Un participant – L’homme fait de la métaphysique comme il respire, sans en être toujours
conscient, et il peut y avoir des dérives qui font partie de sa nature profonde. Mais je voulais vous
demander ce que vous pensez de la prophétie (d’Isaïe ou de Jérémie) qui dit qu’Israël deviendra
une pierre pesante, une pierre d’achoppement pour toutes les nations. Il semblerait, à la lumière
des événements actuels, que cette prophétie soit en train de s’accomplir.
I.Morg. – Cette prophétie ne s’adressait pas à nous mais aux exilés qui avaient besoin de
penser qu’Israël allait devenir un territoire hors norme pour tenir. Et c’était au moment où le
judaïsme tendait à une certaine universalisation. Israël était un nom qui recouvrait de nombreuses
réalités, comme je l’ai déjà dit : le peuple juif, le royaume d’Israël (qui n’était pas le royaume de
Juda), et l’État d’Israël d’aujourd’hui (qui aurait du s’appeler plutôt État de Juda). Et je pense que
les prophéties n’ont pas pour mission de s’accomplir, mais de permettre la concrétisation d’un
projet préexistant.
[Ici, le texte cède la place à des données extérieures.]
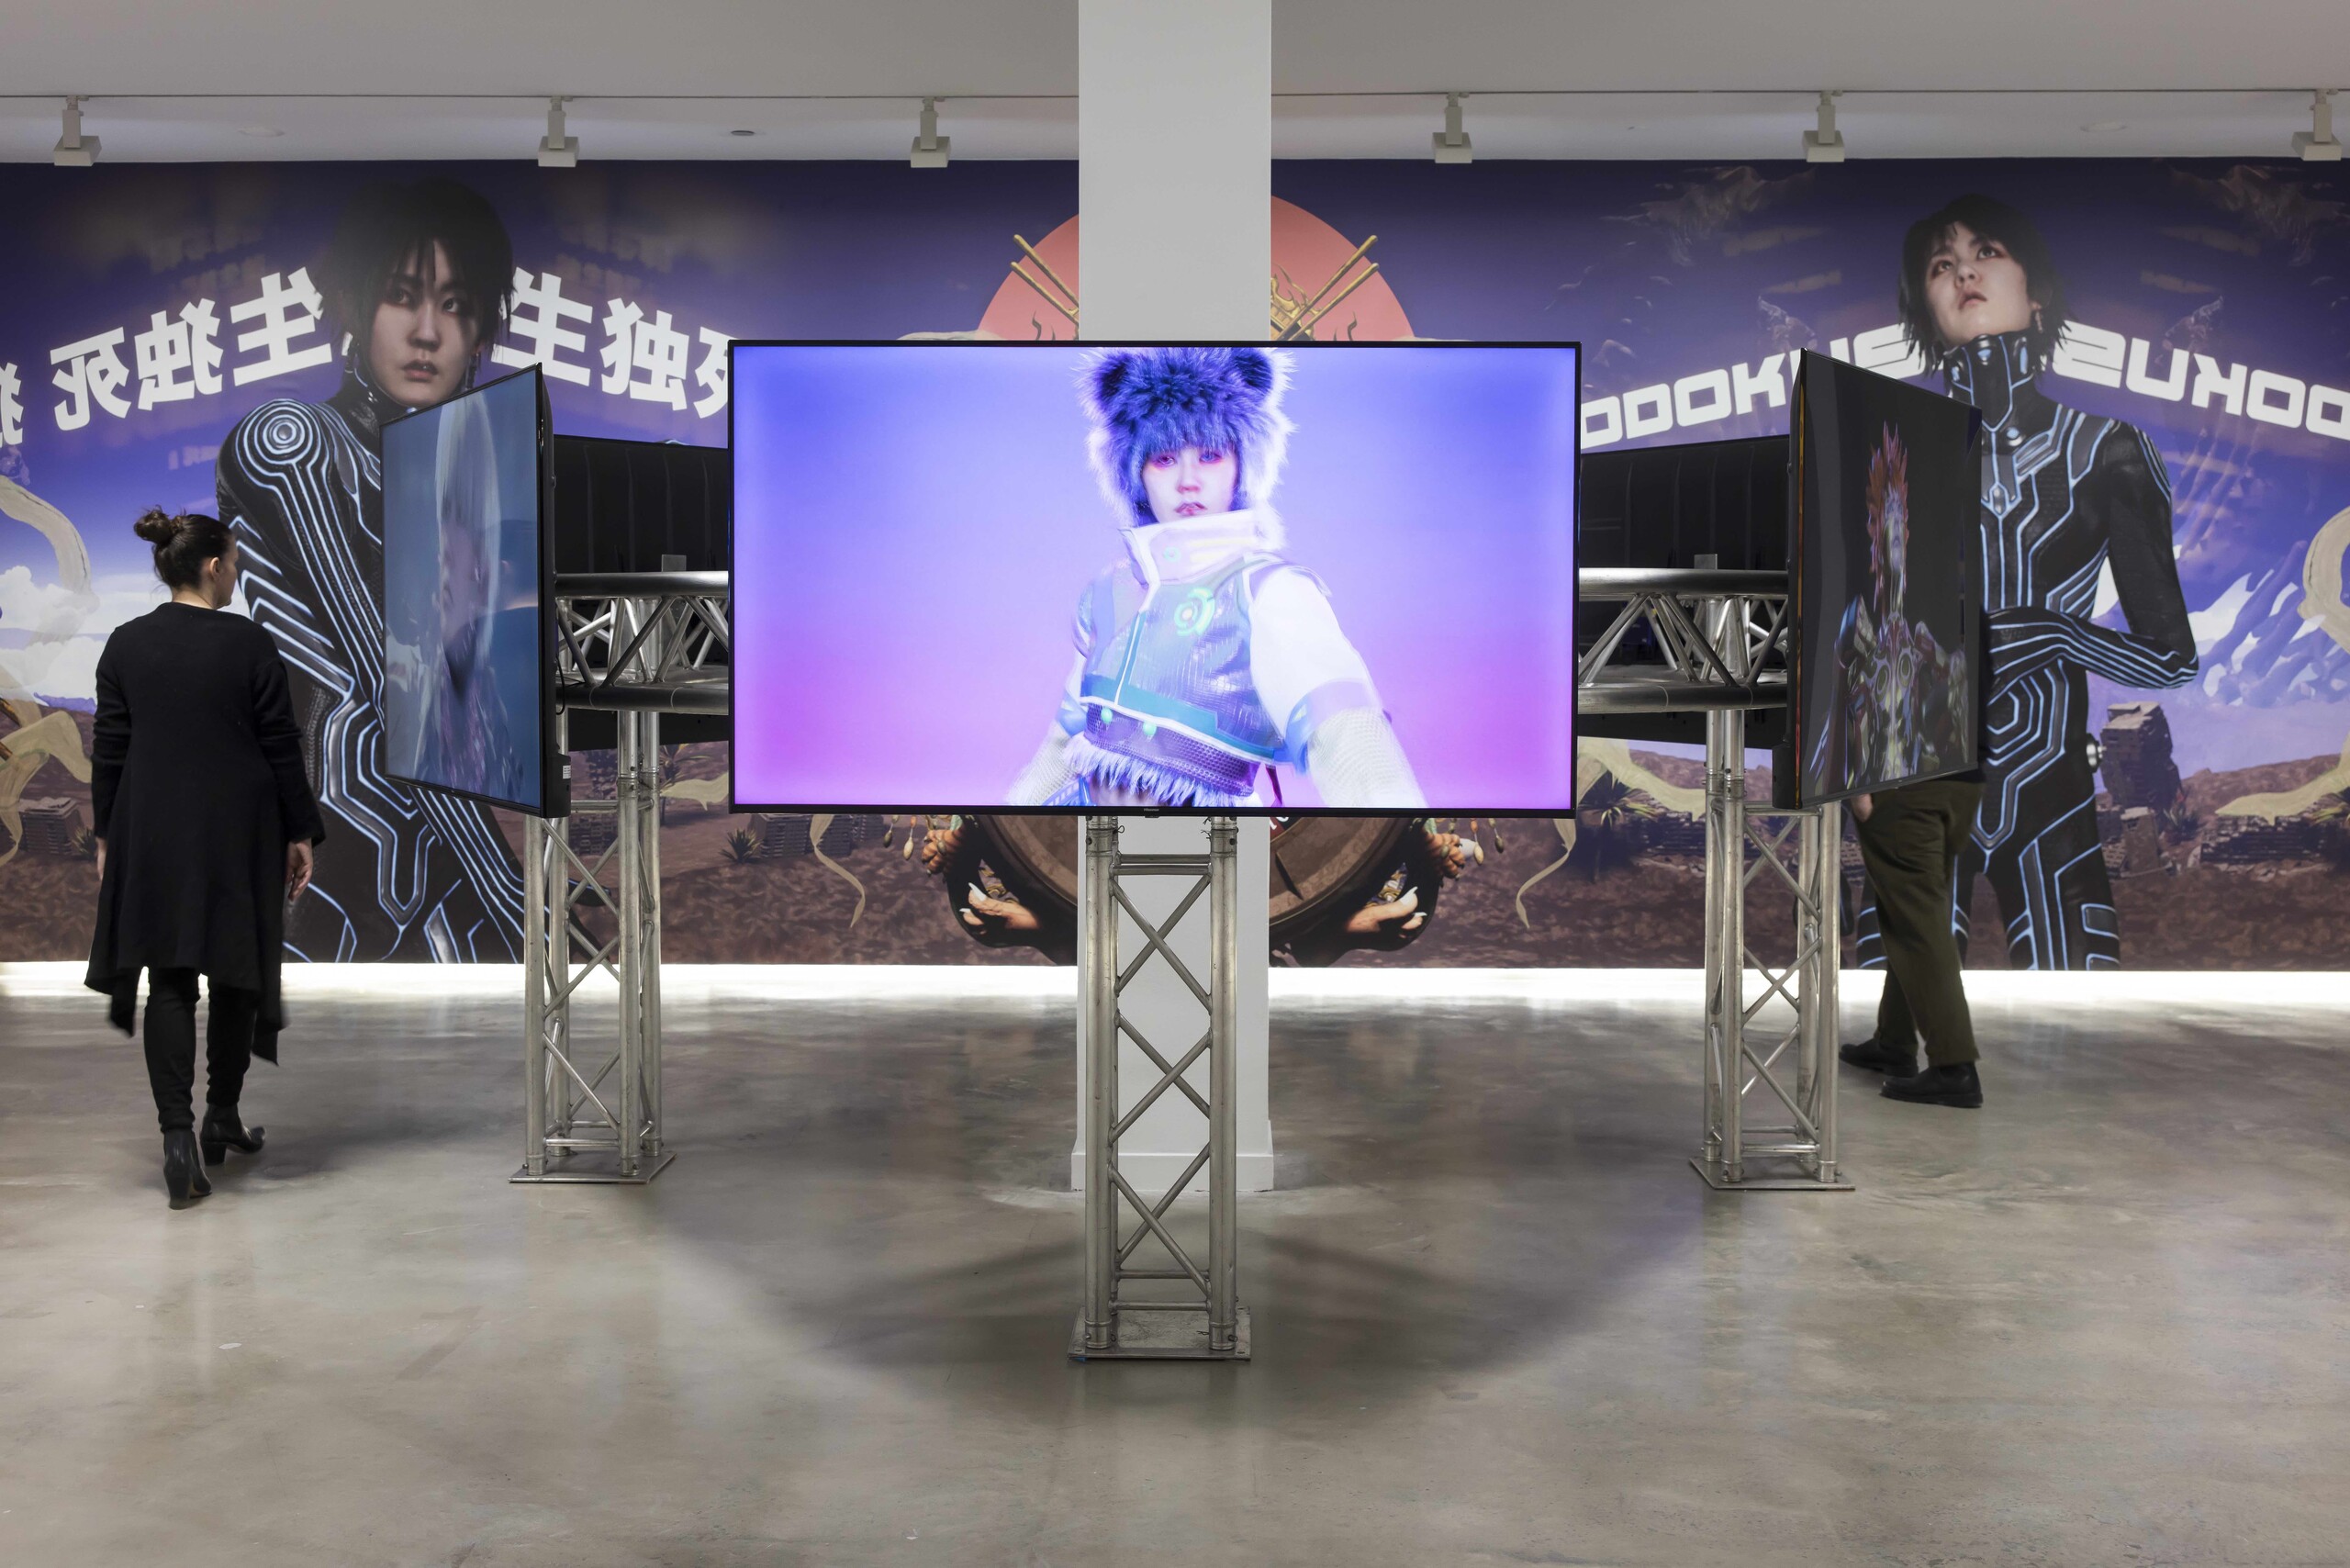 Lu Yang, installation view, Ultra Unreal, Museum of Contemporary Art Australia, Sydney, 2022, image courtesy and © the artist, photograph: Alex Davies

Il y a un sujet qui me tient à cœur (çà pourrait faire l’objet d’une autre
conférence) c’est le messianisme, y compris le messianisme laïque (par exemple en France la
période où on croyait dans le communisme et où on espérait la réalisation de grands projets…).
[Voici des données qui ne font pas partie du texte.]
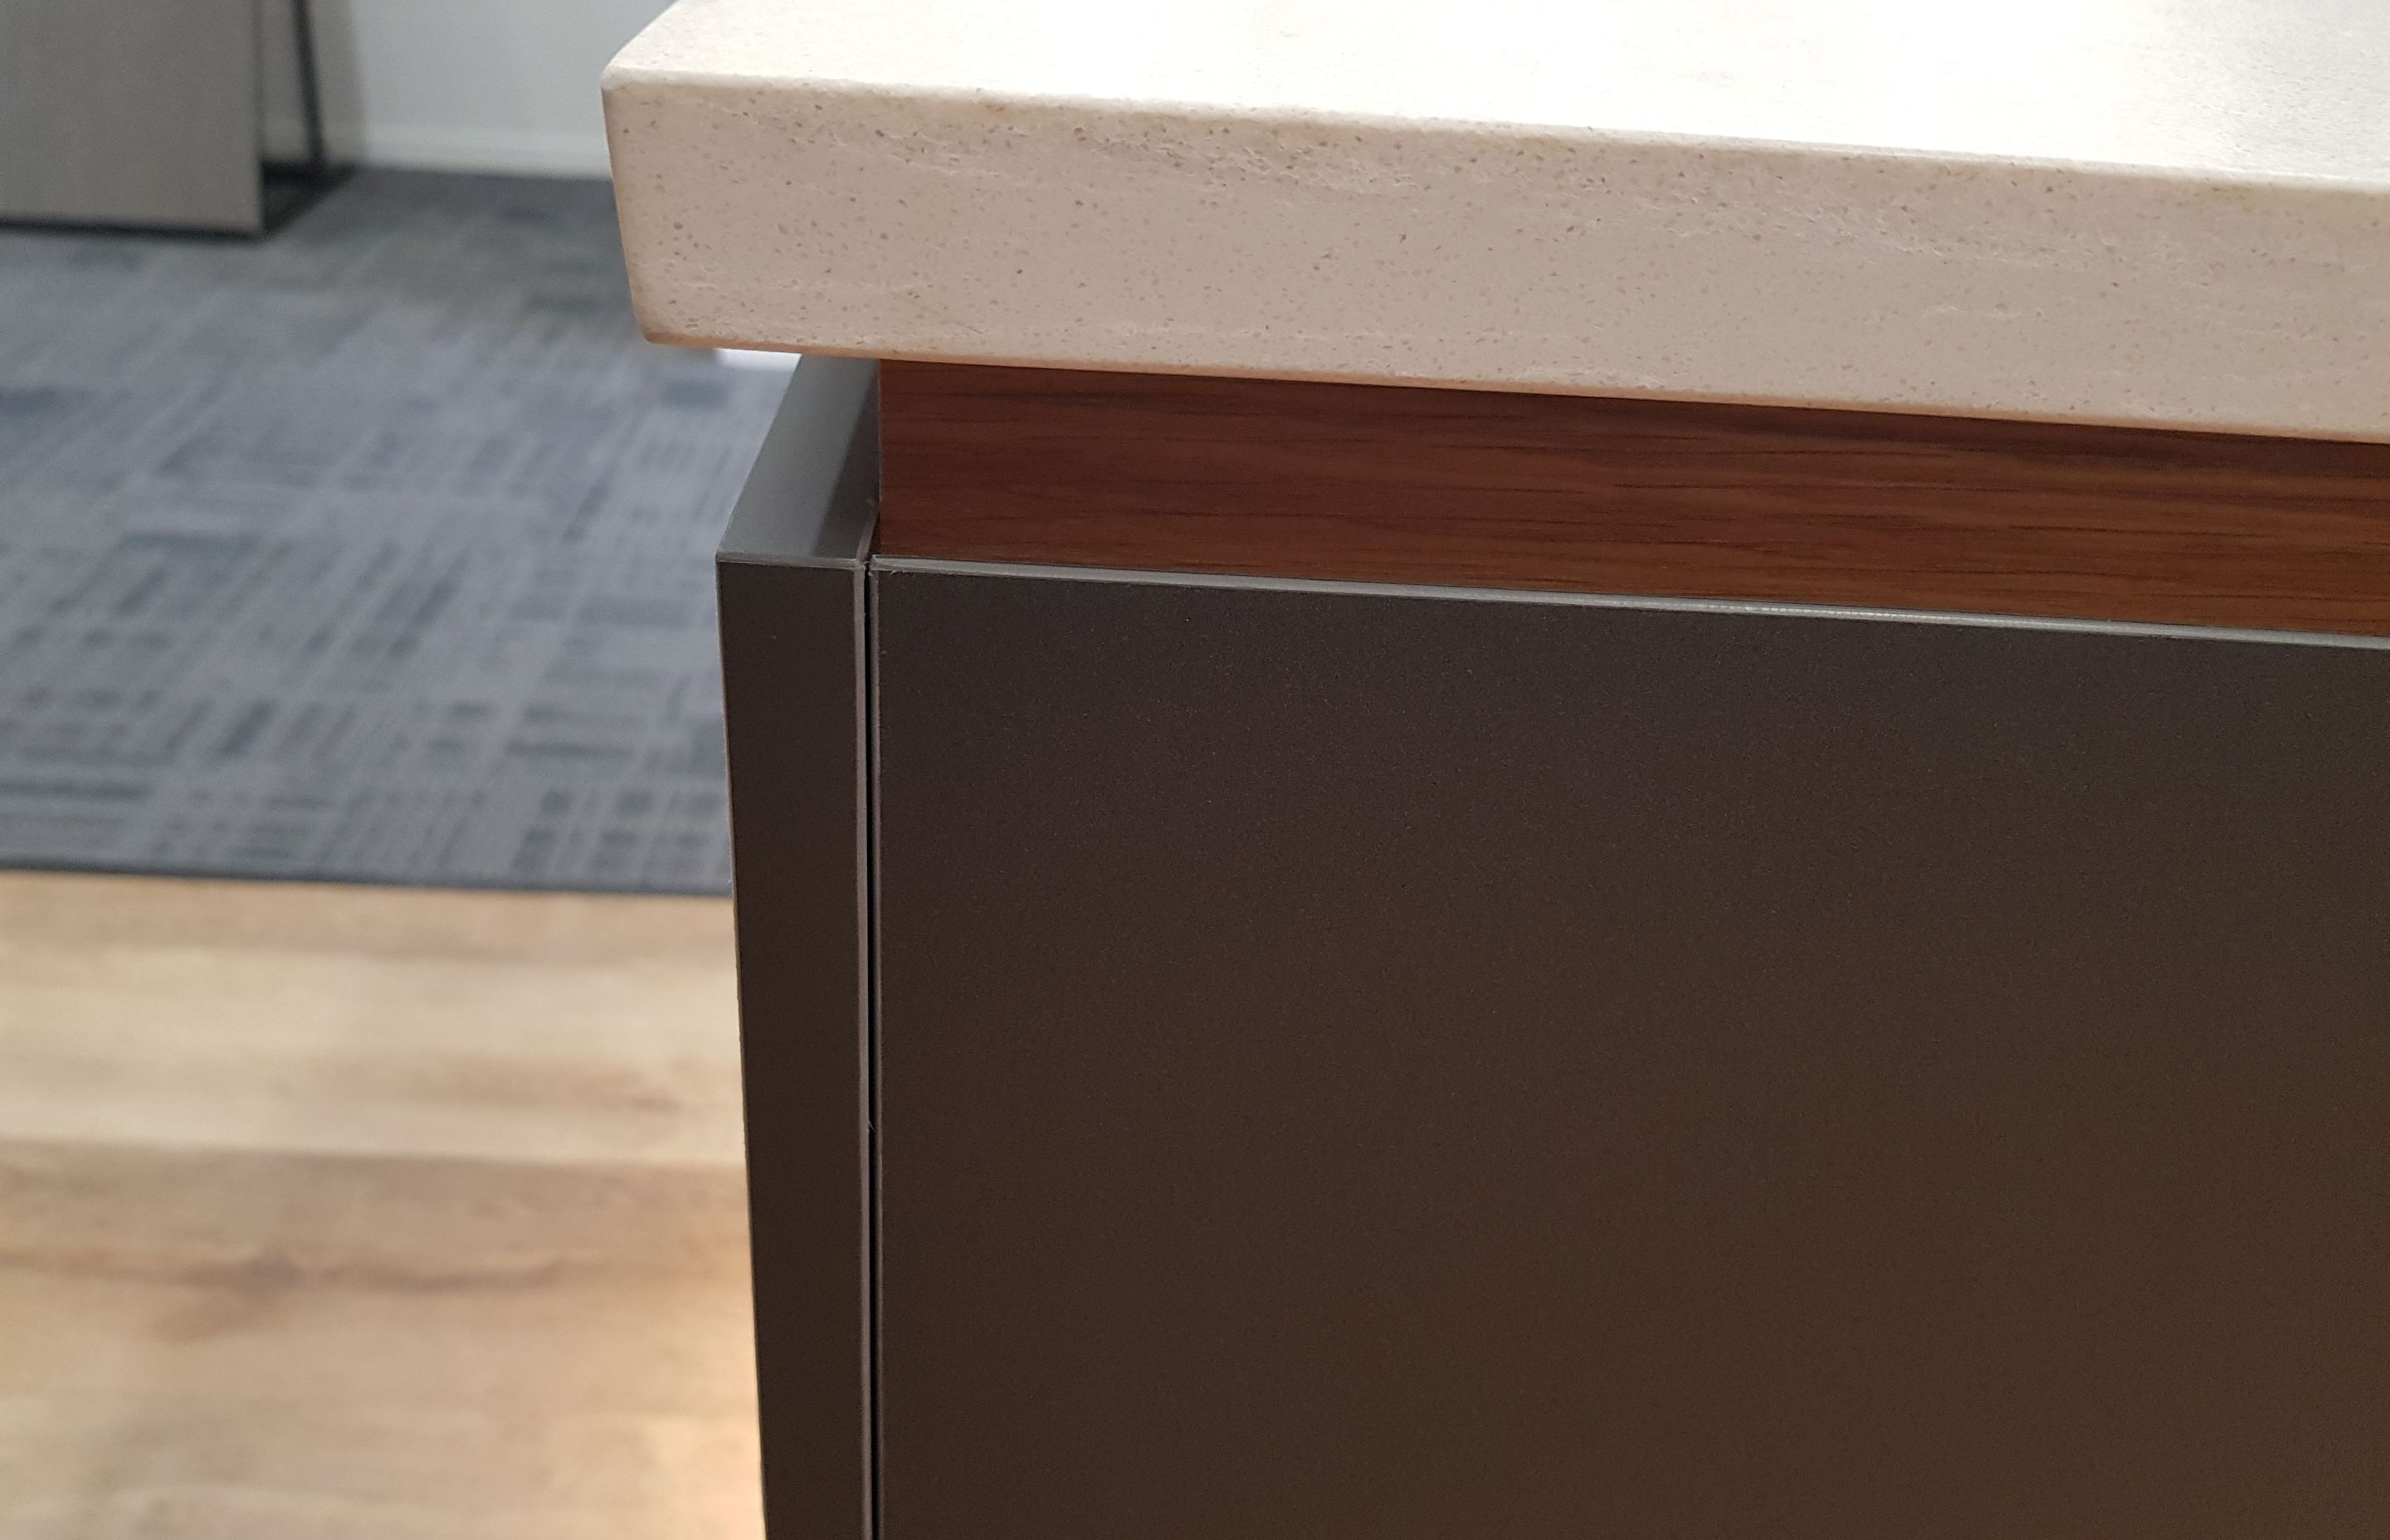 Premium Acrylic panels on MDF boards for all the cabinet and drawer fronts. Recessed Veneer below the stone engineered countertop gives the benchtop an appearance of floating.

La vision messianique du judaïsme n’est pas destinée à prévoir l’avenir, elle est une indication de
ce qu’il faut mettre en œuvre pour qu’il y ait un « être ensemble » meilleur demain qu’hier. Et les
Juif religieux ne se servent absolument pas des prophéties de la Bible pour ce faire, il leur est
même interdit par la religion de les utiliser pour prévoir quoi que ce soit (même si cela est
transgressé régulièrement).
Il y a eu plusieurs cas historiques d’utilisation des prophéties messianiques : par exemple Isaac
Abravanel, qui était ministre des finances d’Isabelle la Catholique. Quand les Juifs d’Espagne ont
été expulsés il fut tellement choqué par l’évènement et d’être du nombre des expulsés qu’arrivé
en Italie il considéra qu’on assistait aux prémisses de la fin du monde, dont il a calculé la date
d’après les prophètes. Ses conclusions furent qu’elle aurait lieu quatre ans plus tard…. et il a vécu
assez longtemps pour voir que la fin du monde n’avait pas lieu, ce qui l’a assez perturbé ! Il a
reconnu ensuite avoir eu tort d’utiliser les prophéties pour ce genre de prédictions.